コラム

不安が消えないのなら、小さな明かりを灯していく。

僕たちが不安に飲み込まれてしまうのは、

美味しいパン屋の味を忘れてしまうからかもしれない。

不安について考えてみる。

カウンセリングでも不安というワードは必ずと言っていいほど出てくる。

不安を消そうと必死になるけれども、

必死になるほど、その不安が大きくなっていく。

不安を消すことができないのなら、

「不安になってもいい」と受け入れることなのかもしれない。

不安になりたくてなりたい人などいない。

でも、僕たちはどうしても不安になってしまうことがある。

平気なそうな顔をしている人も、ただ見せてないだけかもしれない。

不安があるのは、そこに願いや希望があるからだ。

何も願いや希望もなければ、不安に感じることはない。

誰かに愛されたいと願うから不安になるし、

幸せになりたい希望があるから不安にもなる。

不安をこの世からまったく消してしまうことは、

その願いや希望も消してしまうことかもしれない。 

願いや希望がある限り不安がなくなることはない。

不安はそのイメージから夜の闇を連想されることが多い。

「先が見えない。
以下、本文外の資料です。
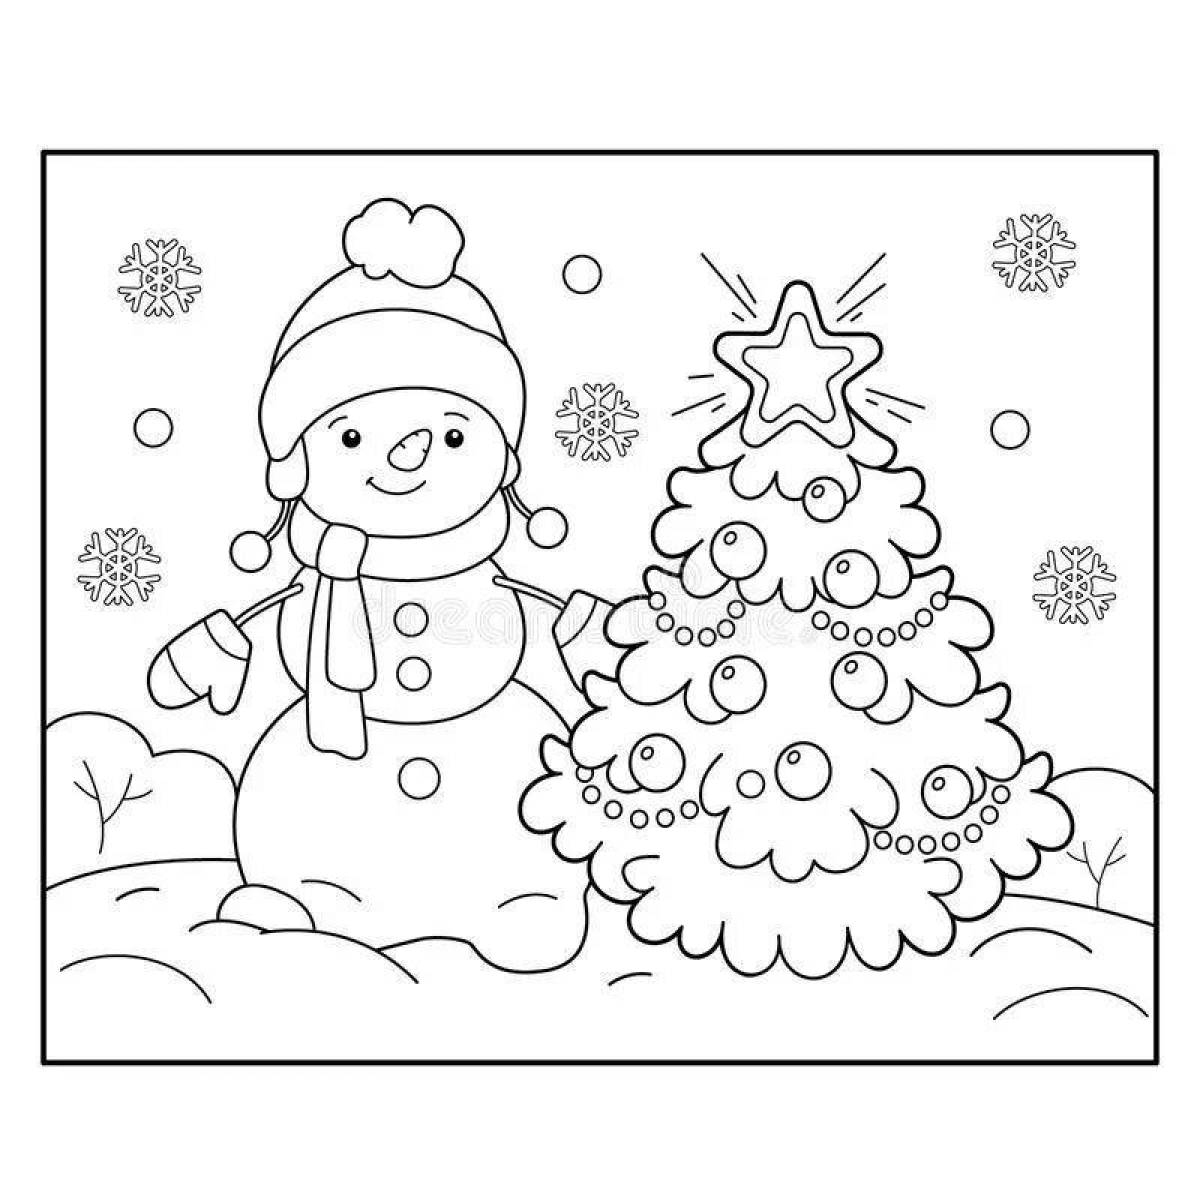 Coloring book funny tree and snowman

」

不安を無くすことができないように、夜を無くすことはできない。

でも、僕らは夜を生き延びている。

それは明かりを灯す方法を知っているからだ。

夜をこの世から無くすことはできなくても、明かりを灯す方法を知っていればいい。

疲れたら眠くなるように。

動いたらお腹が空くように。

不安になることを避けられないのなら、

その不安の先を照らす明かりを灯す方法を知っていればいい。

眠くなれば眠ればいいし、お腹が空いたら食べればいい。

不安になれば明かりを灯せばいい。

大きな明かりを灯すことができなくても、

小さな明かりを灯すことができれば、

その心強さを知ることになる。

小さな明かりは決して弱いのではない。

10年後を照らす明かりを灯すことはできないかもしれない。

5年後を照らす明かりを灯すことはできないかもしれない。

1年後を照らす明かりを灯すことはできないかもしれない。

でも、明日の不安を照らす明かりなら灯すことができるかもしれない。

美味しいパン屋を知っていること。

朝起きたら昨日楽しみに買っておいたヨーグルトを食べること。

久しぶりと言ってくれる友達がいること。

好きな本のページをめくること。

テレビを消して日記を書くこと。

誰かのTwitterの言葉に「この気持ち私だけではない」と思えること。

夜の闇に向かって、

「夜よ!いなくなれ!」と叫ぶだろうか。

まずは小さな明かりを灯すことから。

そう不安を消すことができないのなら、

小さな明かりを灯すことだ。

そして、その明かりの灯し方はもうすでに知っている。

私たちはすぐに忘れてしまう。

昨日の食べたものを忘れてしまうように

昨日まで覚えていた明かりの灯し方を忘れてしまう。

だから、何度も何度も思い出していく。

小さな明かりを灯すことを、その心強さを。

小さな明かりが次の明かりを思い出させてくれる。

夜の闇に怯えなくていいように、

もう不安に怯えなくていい。

不安になってもいい。

明かりを灯せばいいのだ。

もし自分の明かりを灯せたら、

誰かの明かりの道標にもなるかもしれない。

小さな明かりは弱いのではない。

力強く何度も照らしてくれる。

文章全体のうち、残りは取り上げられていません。